▶ [What needs to be done]: Return only the lines of the data below from the line with "4/1/2016 - Freedom Factory" up to and including the line with "Two buttered crumpets", exactly as written, with the pictures omitted.

▶ [Supplied material]:
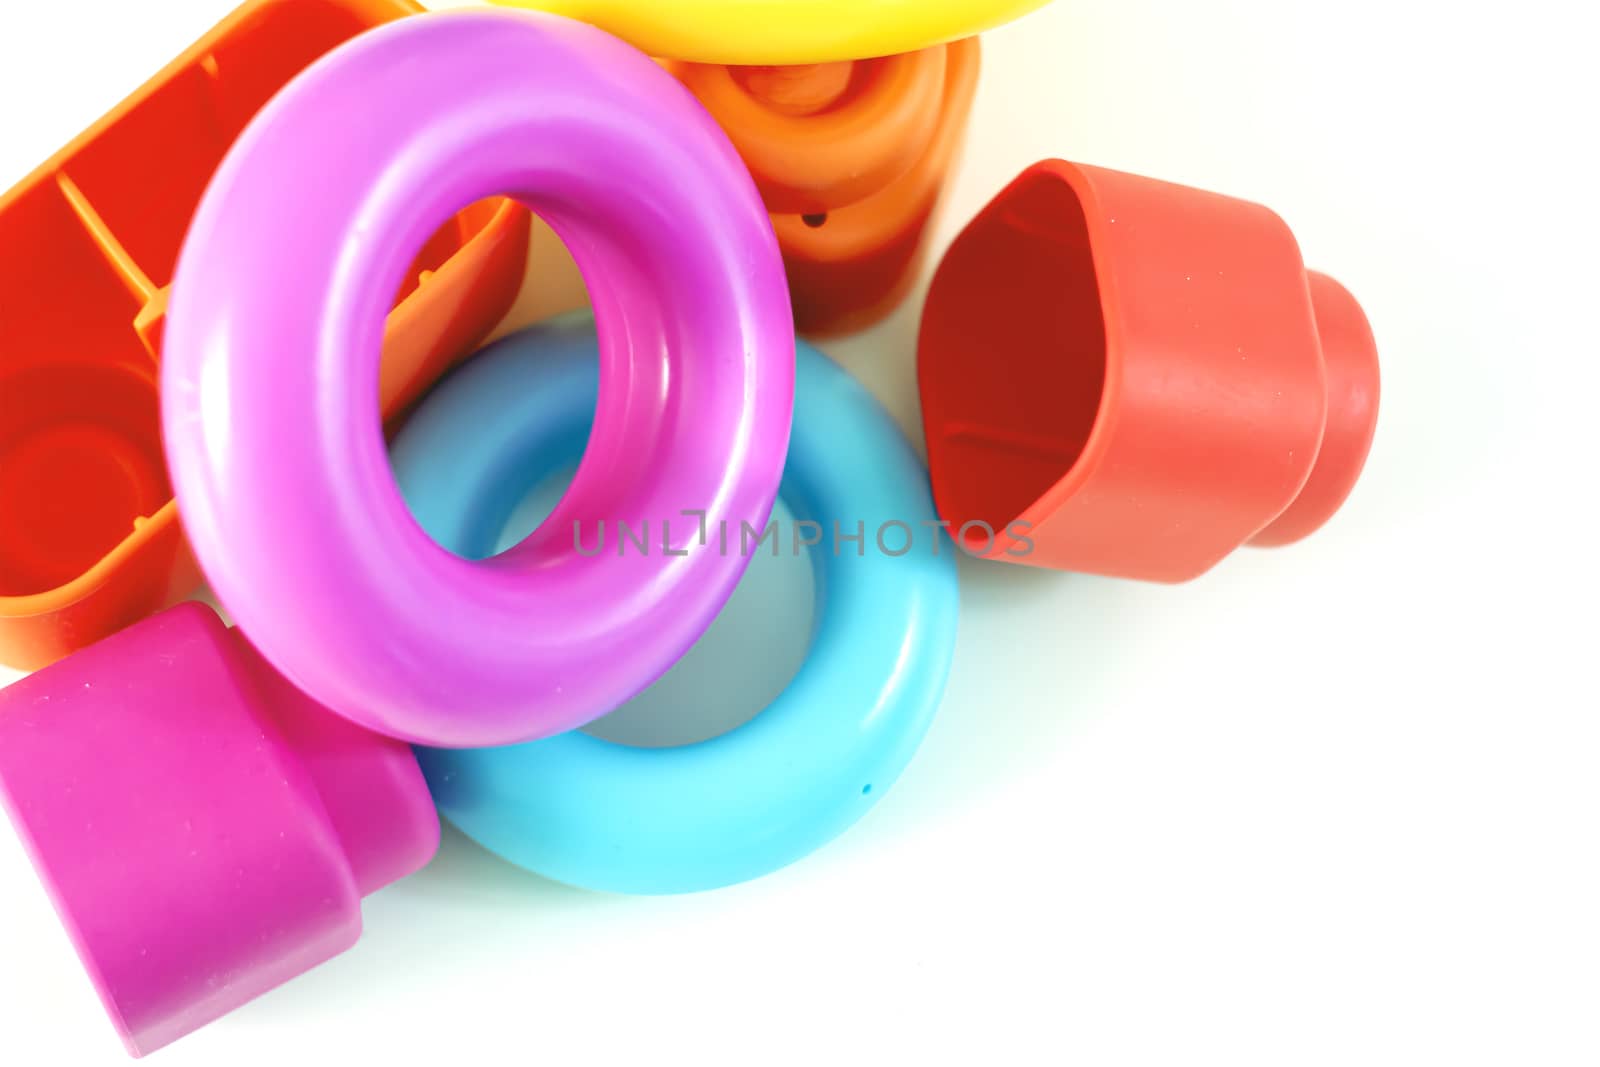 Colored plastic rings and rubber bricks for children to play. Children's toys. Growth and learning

--

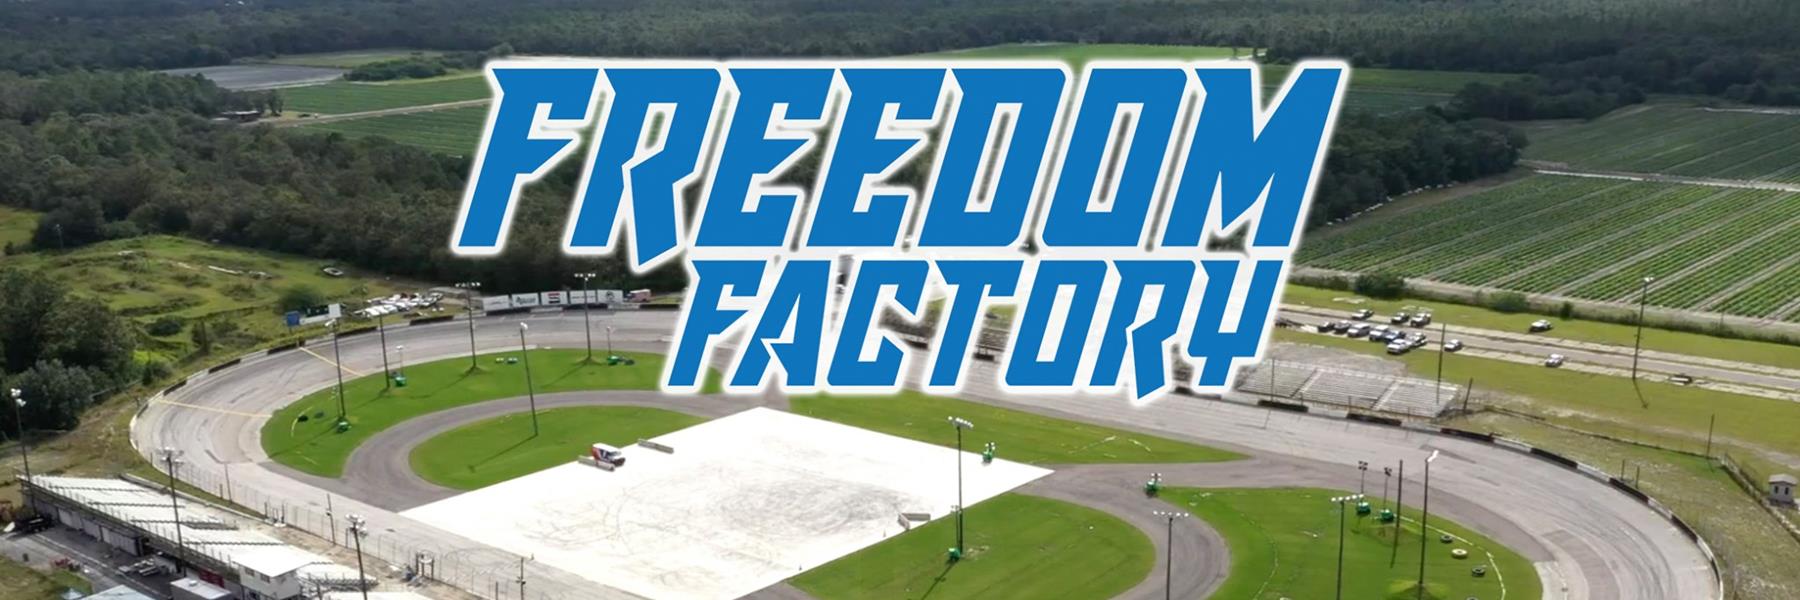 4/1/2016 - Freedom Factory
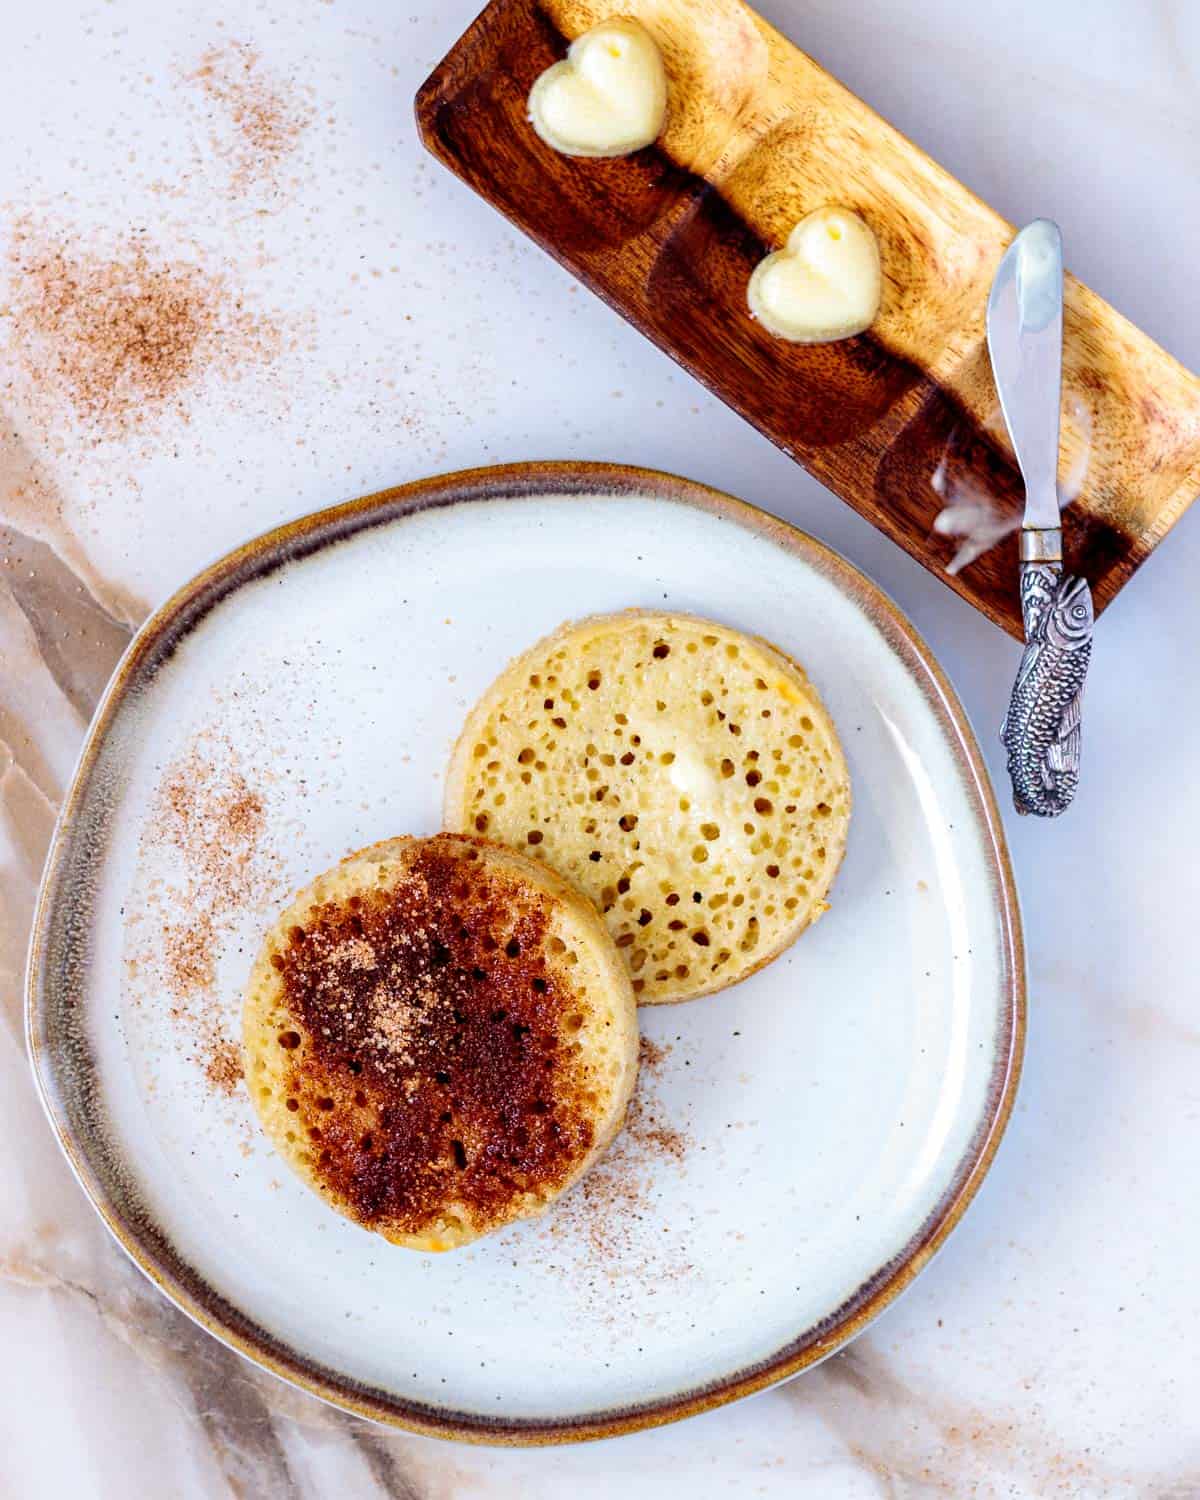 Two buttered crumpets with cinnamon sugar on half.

---

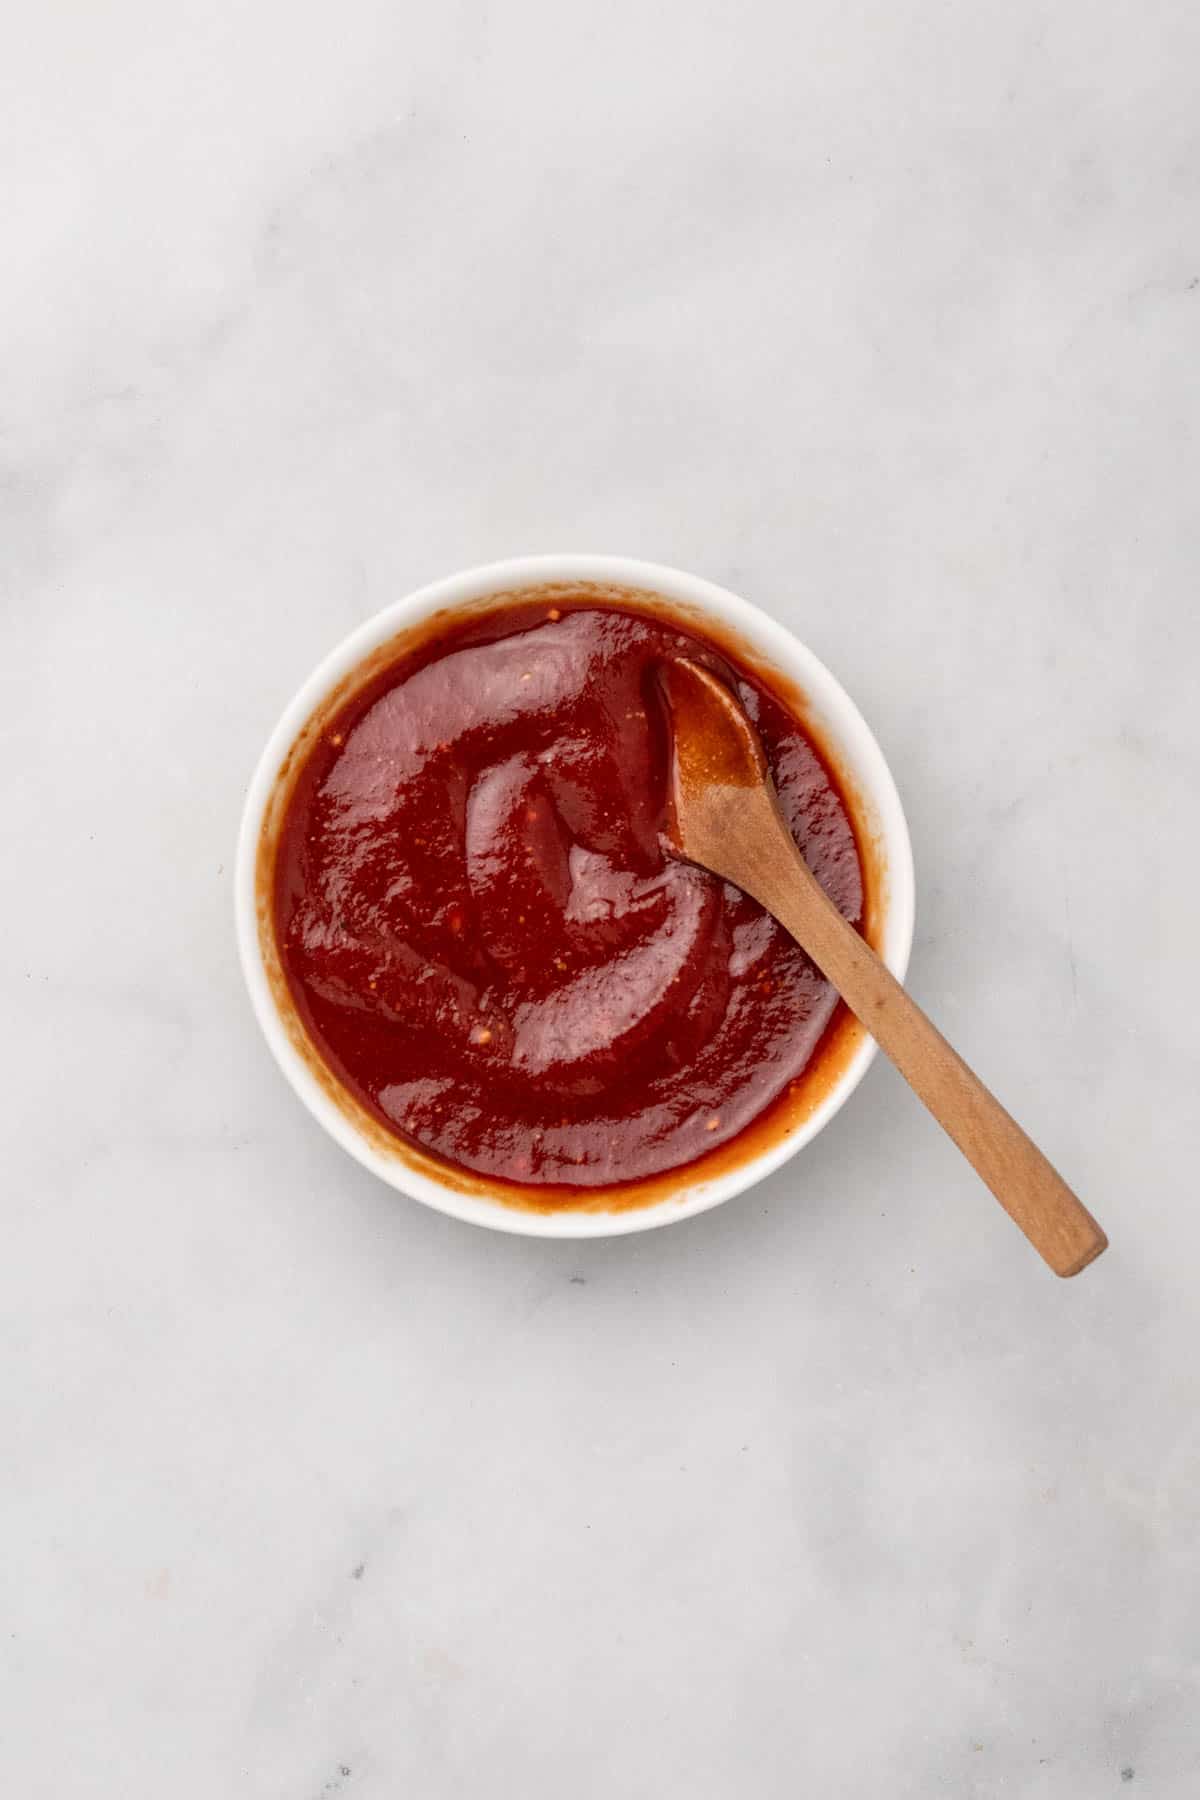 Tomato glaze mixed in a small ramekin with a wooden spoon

▶ [Exercise solution]:
 4/1/2016 - Freedom Factory
 Two buttered crumpets with cinnamon sugar on half.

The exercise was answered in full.